First, in the Dutch cohort, only 54.2 % (52/96) of the patients with HER2+ tumors received trastuzumab, whereas 78.4 % (228/291) of the entire cohort received neoadjuvant taxane-based therapy. Because the use of HER2-targeted therapy currently is a standard component of neoadjuvant therapy for patients with HER2+ disease, to reflect contemporary practice patterns, we excluded patients with HER2+ tumors who did not receive trastuzumab. Additionally, we included only patients who received the entire planned course of chemotherapy. Our model is designed to help the clinician seeing a patient with cN1 disease to decide on the optimal order of therapy. Thus, we wanted to model the probability of nodal conversion with the expectation that patients would receive all therapy.

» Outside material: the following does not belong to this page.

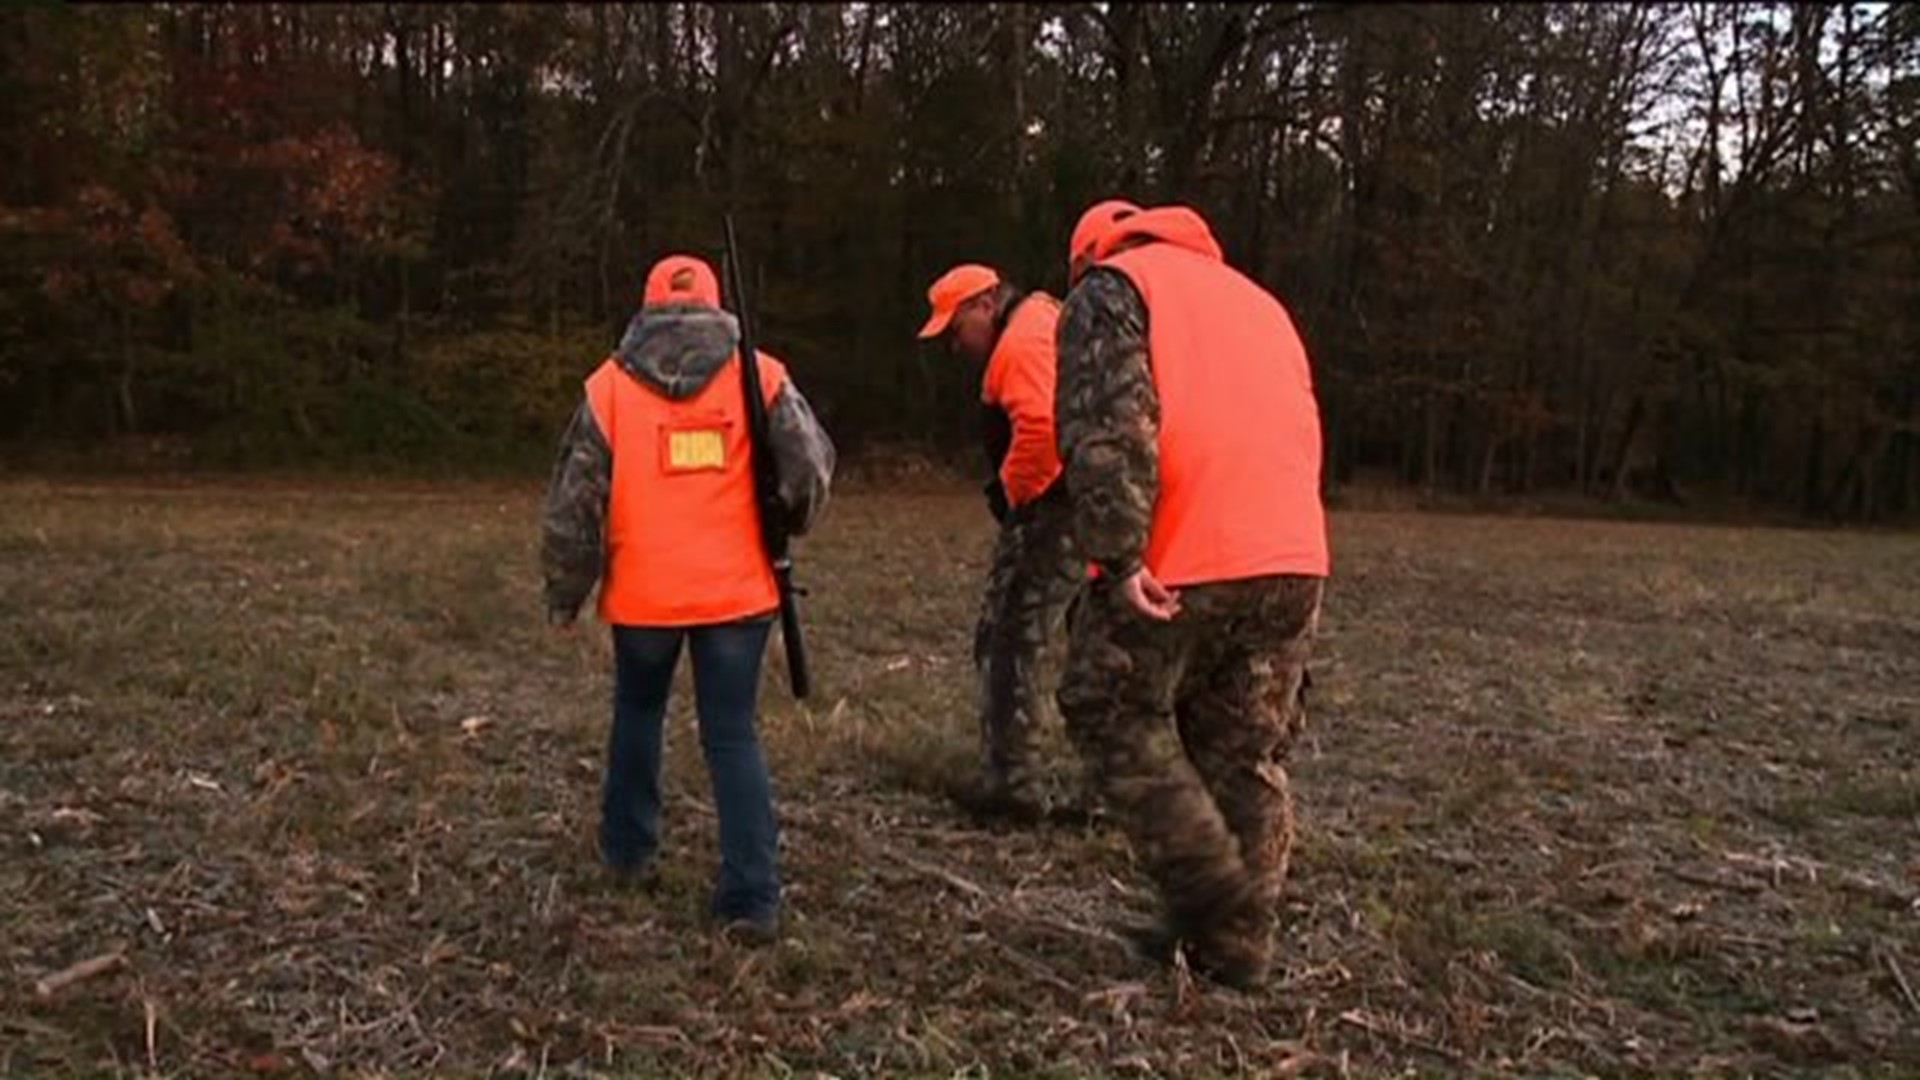 New Bill Could Allow Sunday Hunting for Youths

Second, the Dutch group considered less than 10 % ER staining to be ER−. Our study corroborated the notion that low ER expression influences nodal conversion rates both when included as a continuous variable and when categorized using a cutoff of 1 %, consistent with the current American Society of Clinical Oncology guidelines.30

Finally, our model considered any residual nodal disease as positive, even in cases of ITCs, in contrast to the model presented by Schipper et al.,29 which considered ITCs as negative. Both the ACOSOG Z1071 trial and the sentinel node biopsy following NAC trial showed that defining ITCs found in SLNs as positive decreased the false-negative rate of SLND. Although ITCs identified in a patient undergoing upfront surgery are treated as node-negative,31 , 32 the impact of ITCs after NAC is unclear, and consideration should be given to performing completion ALND.8 , 33 Our model has the added advantage of an external validation, which performed similarly to the MD Anderson cohort although it represented a subgroup with larger tumors and higher proportions of ER−, PR−, and HER2+ tumors.

In conclusion, as the paradigm shifts to omission of extensive axillary surgery after response to NAC, using NAC to eradicate nodal disease is a clinically relevant strategy. These nomograms can be used to predict the probability of achieving nodal pCR after NAC with readily available clinicopathologic features. Therefore, they may have utility for informing treatment decisions.